OTA 1997 Posters - Foot & Ankle Fractures
Effects of Binary Decision Making on the Classification of Fractures of the Ankle
William L. Craig, III, MD, Douglas R. Dirschl, MD
Chapel Hill, North Carolina, USA
Introduction: Multiple authors have studied the interobserver reliability of various fracture classification systems, but few have investigated the decision-making process itself. The AO/ASIF comprehensive classification of fractures (CCF) is a common system used by orthopaedic traumatologists. This system requires the observer to choose between three possible choices at each decision point. The CCF has recently been modified to incorporate binary decision making. This modification requires the observer to choose between two possible choices at each decision point. The stated goal of using binary decision making is to produce more consistent results between observers. To our knowledge, this modification was made without any prior validation of the effectiveness of binary decision making.
Purpose: The purpose of this study was to evaluate the effect of binary decision making on the interobserver reliability using the AO/ASIF classification of fractures of the malleoli (segment 44) as a model.
Methods: Radiographs of 50 fractures of the ankle were classified by 6 observers. Observers included two PGY-2 residents, two PGY-5 residents, and two orthopaedic attendings experienced in the treatment of fractures. Each observer first classified the radiographs in random order using the original AO/ASIF system. While classifying the fractures the observers were allowed to reference a copy of the classification system. However, observers were not allowed to ask questions concerning the classification system. During the same session each observer then classified the same 50 radiographs in random order using the binary form of the AO/ASIF system. While using binary decision making, each observer was required to answer each binary decision prior to proceeding to the next decision. Classification of radiographs was limited to type and group. Interobserver reliability was assessed using Kappa statistics.
Results: The mean Kappa value for interobserver reliability for type only and type and group classification using the initial AO/ASIF system was 0.77 and 0.61, respectively. When binary decision-making was enforced, the mean Kappa values for type only and type and group were 0.78 and 0.62, respectively. There was no statistically significant difference between nonbinary and binary decision-making when comparing either classification as to type alone (p > 0.5) or as to type & group (p > 0.5). Elimination of the most inexperienced observers (PGY-2 residents) had no significant effect on the results.

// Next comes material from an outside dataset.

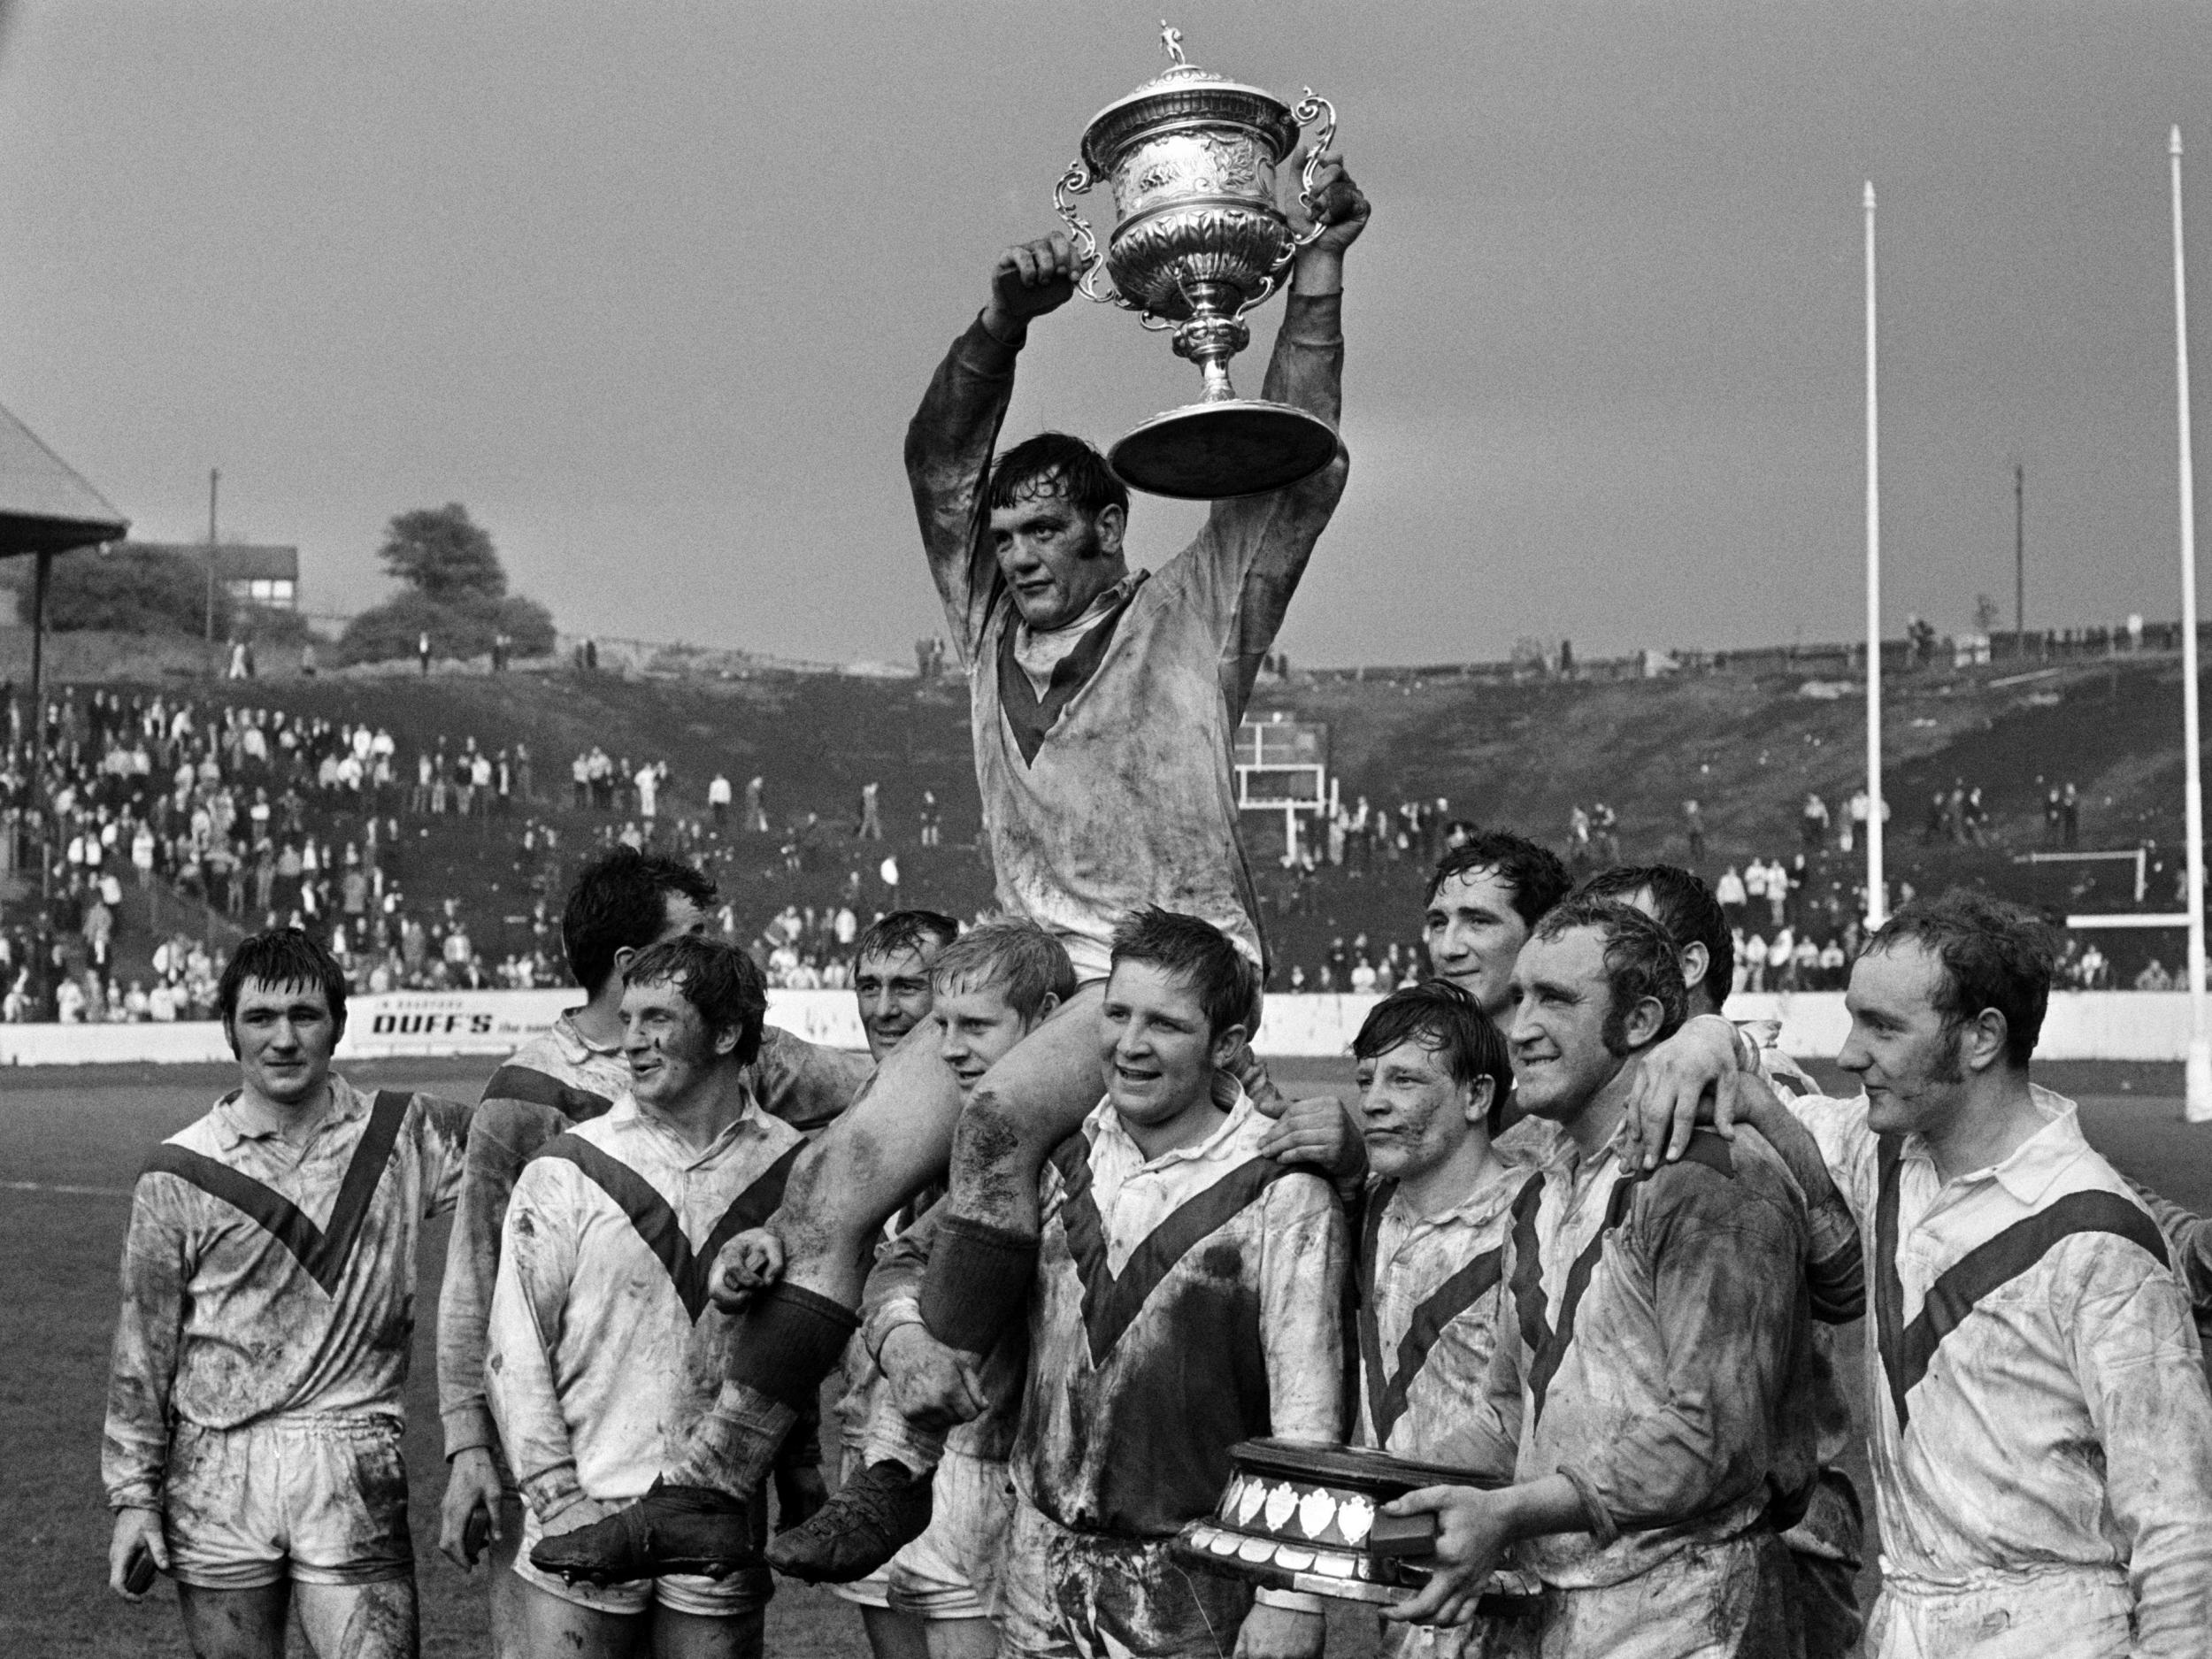 Watson is carried by his St Helens teammates after their Rugby League Championship play-off Final victory over Leeds in 1970

Discussion: The interobserver reliability of the classification of fractures of the ankle has been previously reported. Neilson found the percentage agreement of the Lauge-Hansen classification of ankle fractures to be 61-65% and concluded this system was difficult to use in a reproducible manner. Thomsen compared the Lauge-Hansen and Weber systems reporting a mean Kappa value of 0.49 using the Lauge-Hansen system and 0.58 for the Weber system. The results of this investigation improve on those of Thomsen, finding a Kappa value of 0.77 for classification as type according to the original AO classification. In the current study, interobserver reliability for type and group classification of ankle fractures using either the original AO classification or its binary modification was substantial. However, although binary decision-making was strictly enforced in this investigation, its use did not improve interobserver reliability over that of the original AO system in the classification of ankle fractures.
Conclusion: The interobserver reliability of both the original AO/ASIF classification of fractures of the ankle and the new modification which employs binary decision-making is good. Although the interobserver reliability for type alone was better than type and group, both remained in the acceptable range. The results of this study cast doubt on the effectiveness of binary decision-making in improving the interobserver reliability in the classification of fractures. To our knowledge this is the first study comparing the initial AO/ASIF fracture classification system to the more recent AO/ASIF system utilizing binary decision-making. Further study of other fractures may help elucidate the effectiveness of binary decision- making on improving the interobserver reliability in the classification of fractures.